Revealing emergent magnetic charge in an antiferromagnet with diamond quantum magnetometry

Topologically protected magnetic states are promising for next-generation spintronics. Antiferromagnets (AFMs) offer advantages such as enhanced stability and faster, richer dynamics relative to ferromagnets, but their vanishing net magnetization makes their textures challenging to detect. State-of-the-art synchrotron-based dichroic X-ray imaging has revealed two-dimensional (2D) AFM textures in α-Fe2O3, yet this approach is insensitive to the sign of the staggered magnetization and thus cannot access the associated vorticity. The authors propose diamond quantum magnetometry (DQM) with a single nitrogen–vacancy (NV) center as a minimally invasive, highly sensitive vector magnetometer capable of probing the weak fields generated by canted moments in AFMs.

The research question is whether DQM can directly read out the vorticity of AFM spin textures and, via a duality, reveal their emergent magnetic charge distributions.

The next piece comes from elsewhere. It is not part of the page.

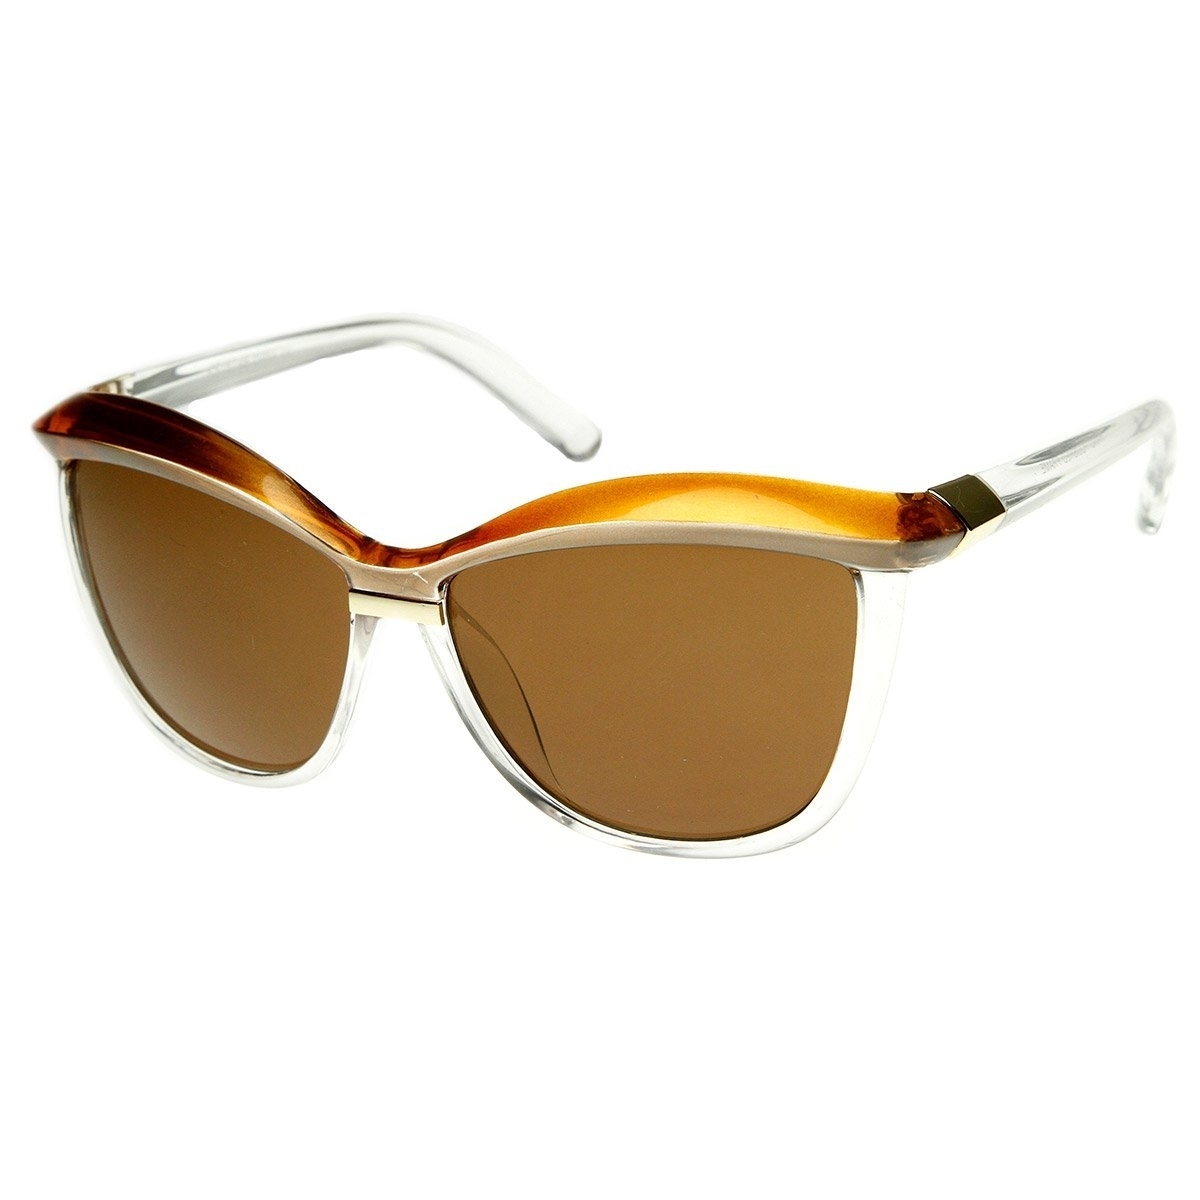 Womens Oversized Two-Tone Fashion Cat Eye Sunglasses - Brown-Tan
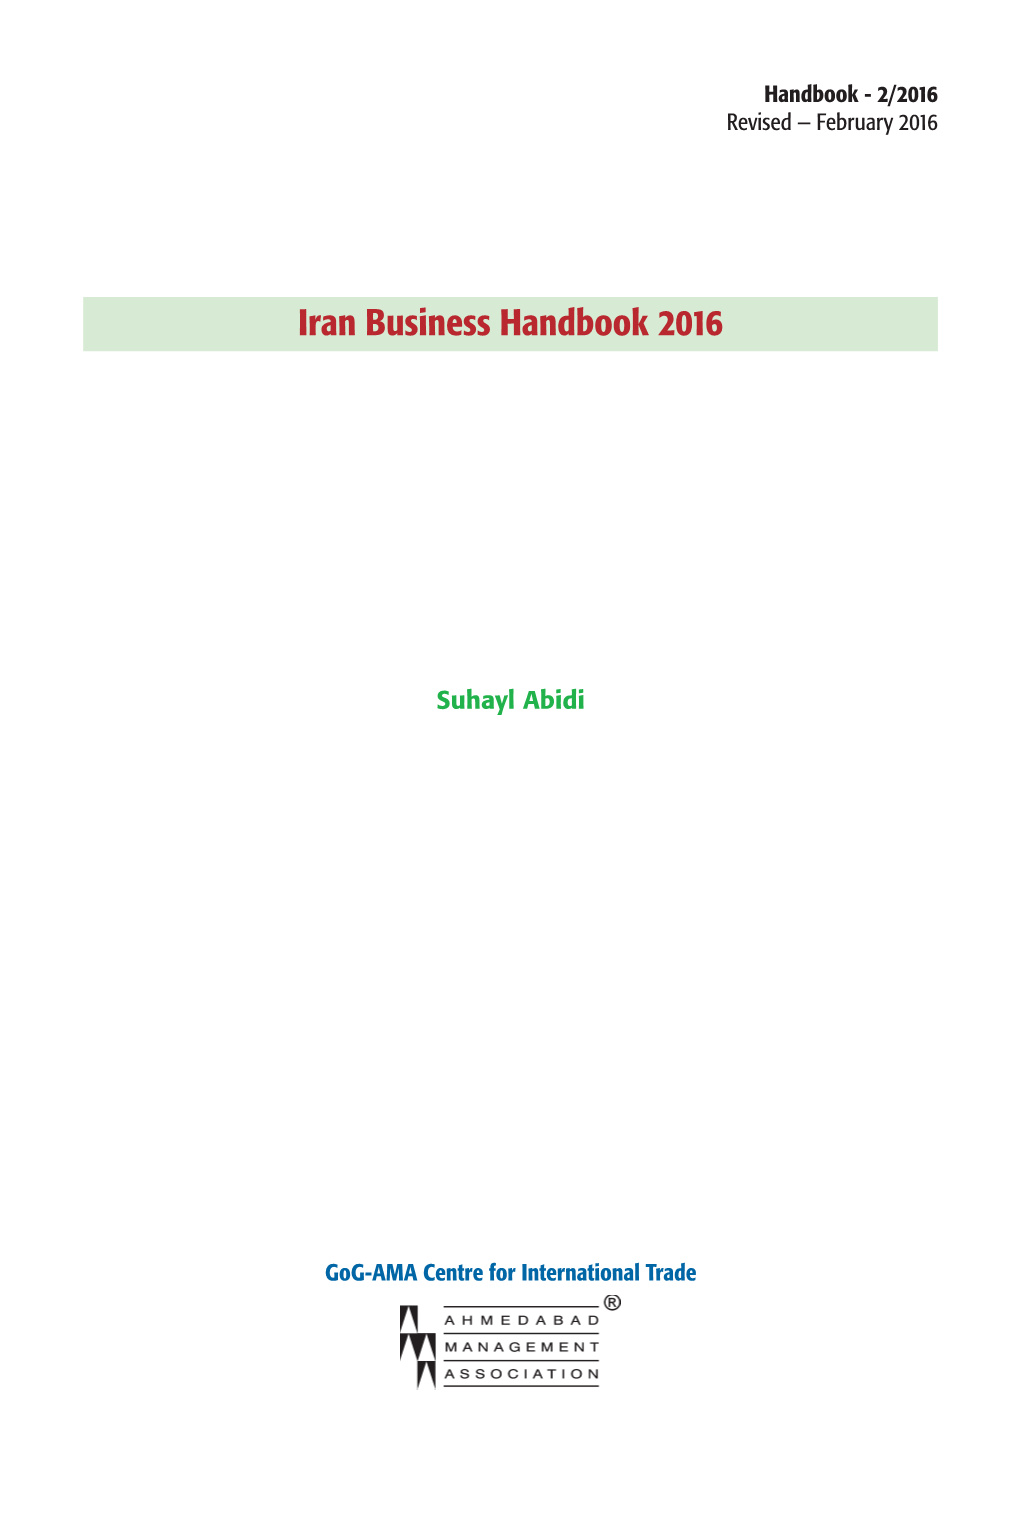 Iran Business Handbook 2016

By reframing the AFM textures in terms of canted magnetization rather than the Néel vector, the study explores whether weak fields arising from the divergence of canted moments can be mapped and interpreted through an analogue of Gauss’s law, thereby uncovering monopolar, dipolar, and quadrupolar emergent magnetic charges in α-Fe2O3.

Previous work has established the importance of topological textures in magnetic materials and highlighted the advantages of AFM textures, though their detection is hampered by zero net magnetization. Synchrotron dichroic X-ray techniques have imaged 2D AFM textures in haematite (α-Fe2O3), but cannot determine the sign of the staggered magnetization, leaving vorticity inaccessible. Emergent magnetic monopoles have been studied in other systems such as spin ice, where they arise from distinct physics. Diamond NV magnetometry is a mature technique for nanoscale, vector-resolved magnetic field imaging with high sensitivity and low backaction, and prior works have developed methods to reconstruct vector fields and spin textures from single-component field data. This study builds on these advances to investigate emergent magnetic charges in a canted AFM, a class of materials not accessible to conventional magnetometry approaches for vorticity and charge mapping.

Material system and magnetic background: The archetypal AFM α-Fe2O3 (haematite) is studied across the Morin transition (TM ≈ 200 K). Below TM the ferromagnetic sublattices are mainly out of plane; above TM they are in-plane with a small canting induced by a Dzyaloshinskii–Moriya interaction (DMI) vector along the c-axis. The net canted magnetization is in-plane with average magnitude m∥ ≈ 2 × 10^−3 A m^−1, arising from a canting angle A ≈ 1.1 mrad. Due to symmetry, mz = 0 in α-Fe2O3 in the considered regime.

Diamond quantum magnetometry: A scanning diamond tip hosting a single NV center is rastered at a fixed height above the sample surface. Optically detected magnetic resonance (ODMR) is used to probe the Zeeman splitting of the NV ground states. In the weak-field approximation with negligible strain, the magnetic field projected onto the NV axis (BNV) is inferred from the transition frequency f+ using ΔE+ = ħ(f+ − D − Bbias) − γNV BNV, with D = 2.87 GHz, γNV = 28 MHz mT^−1, and a bias field Bbias = 0.5 mT applied along the NV axis to determine field orientation. ODMR line scans and raster scans provide maps of the NV-projected magnetic field. A Fourier-based reconstruction converts the measured component to laboratory-frame components, yielding Bz maps; z is aligned with the crystal c-axis.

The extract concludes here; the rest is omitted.